The Natrona County school board voted unanimously April 27 to keep its 28 schools closed through the duration of the spring semester and finish out the year using the distance learning methods it implemented in recent weeks.
The district, like all others across Wyoming, has been closed for more than a month in an effort to slow the spread of the novel coronavirus. Wyoming’s 48 districts were scheduled to remain that way until at least last Thursday, though new, modified orders were issued last week. In any case, the timing would leave only a few weeks in most districts’ spring semester; in Natrona County, the academic year begins and ends later than most, but even still, a May re-opening would have left the district with four or five weeks of in-person instruction even as the virus continues to spread.
The board did direct the district to look into allowing certain populations — like students on special education plans or who are pursuing vocational training — back into schools in the coming months, though any plan to that effect would require the approval of the county health department and its officers.
It remains unclear, from a state level, whether all districts will voluntarily move to remain closed physically.
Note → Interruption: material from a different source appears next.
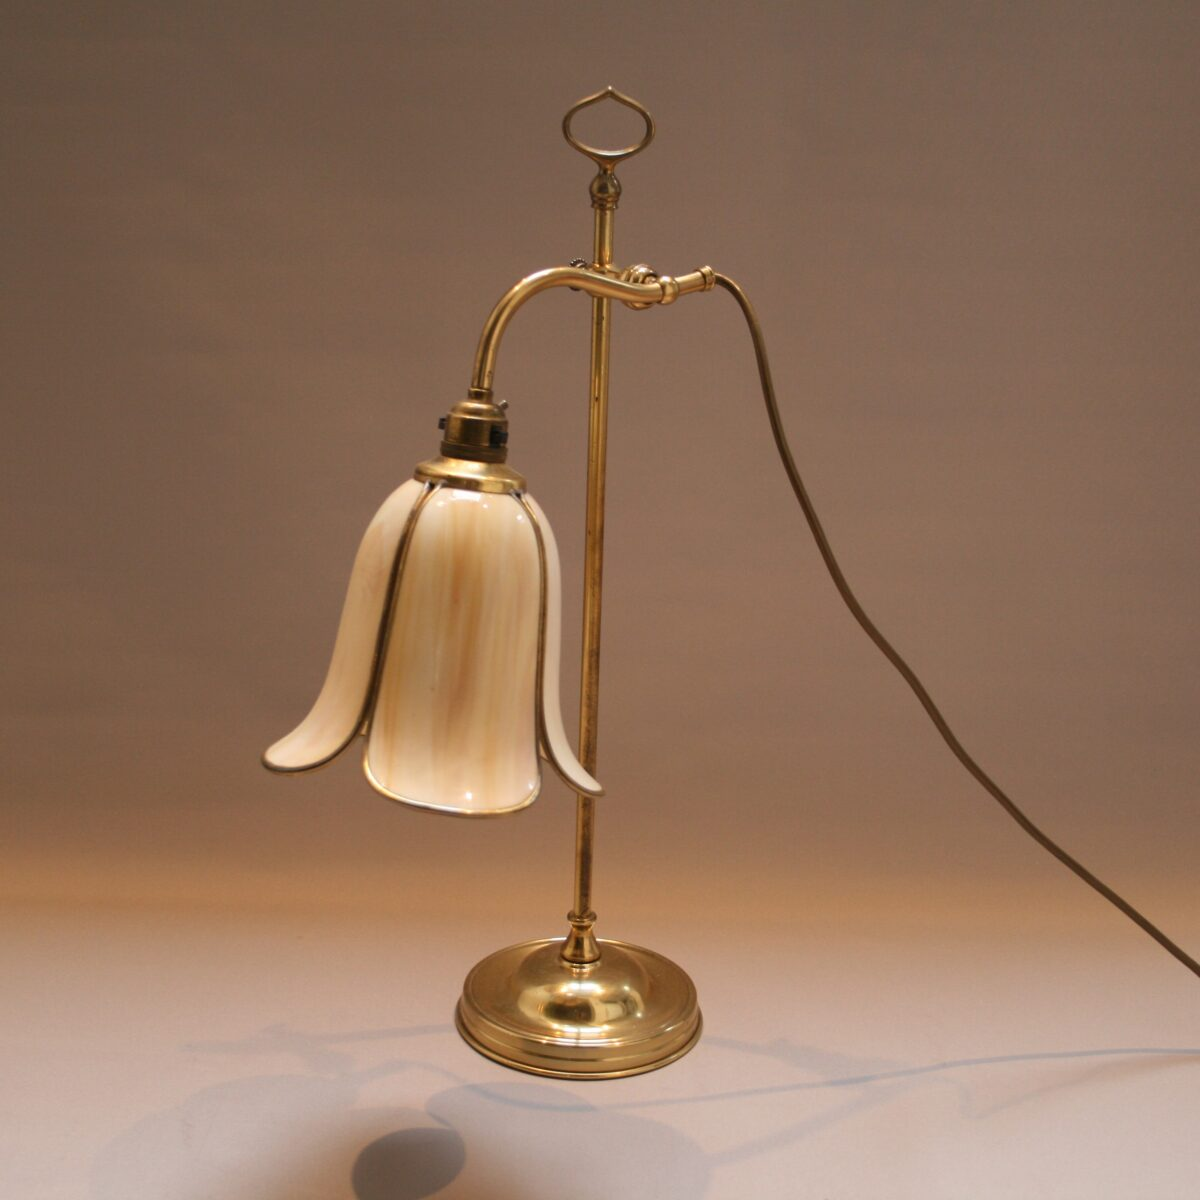 Edwardian brass and glass desk lamp/williamsantiques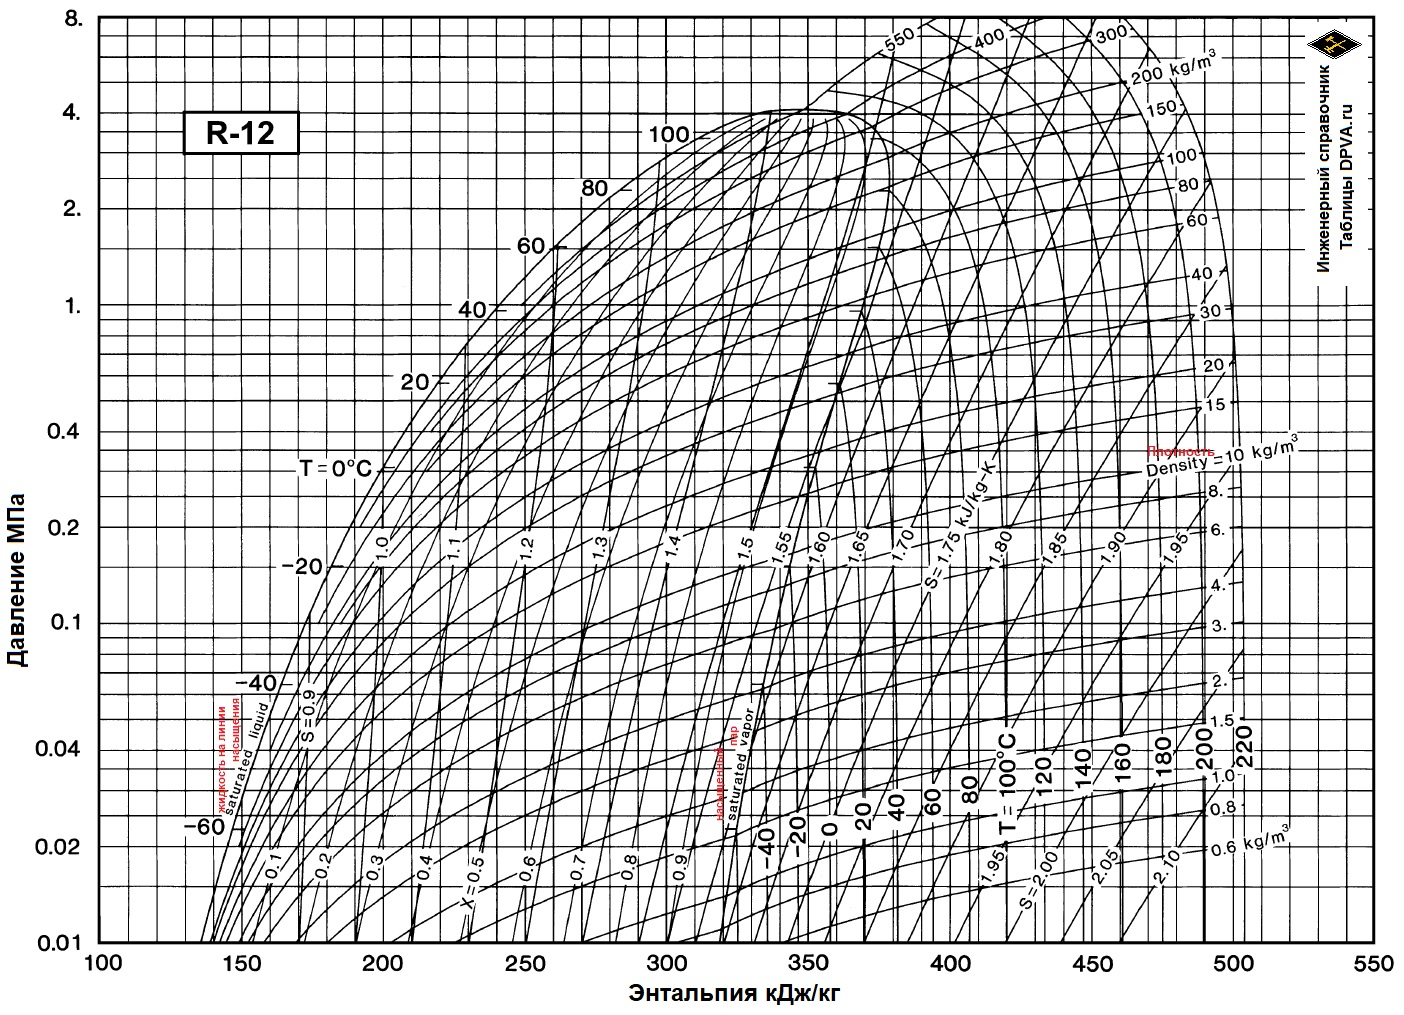 Хладагент, фреон, хладон (Холодильный агент) R12 - Дифтордихлорметан = Dichlorodifluoromethane (CF2CCl2) Диаграмма Давление/Энтальпия/Температура

Already, a handful of districts — Albany and Campbell counties, as well as the Green River-based Sweetwater County district — have decided to stay closed.
Under revised public health orders released Tuesday, schools cannot hold classes until at least May 18. However, individual counties may apply for exemptions that would allow districts there to reopen.
The University of Wyoming, as well as the state’s community colleges, had previously announced they would ride out the spring term virtually.
For most of April, Natrona County’s 13,300 students have been educated via distance learning — video lessons and digital homework. A minority of other students have been receiving paper packets out of one form of necessity or another.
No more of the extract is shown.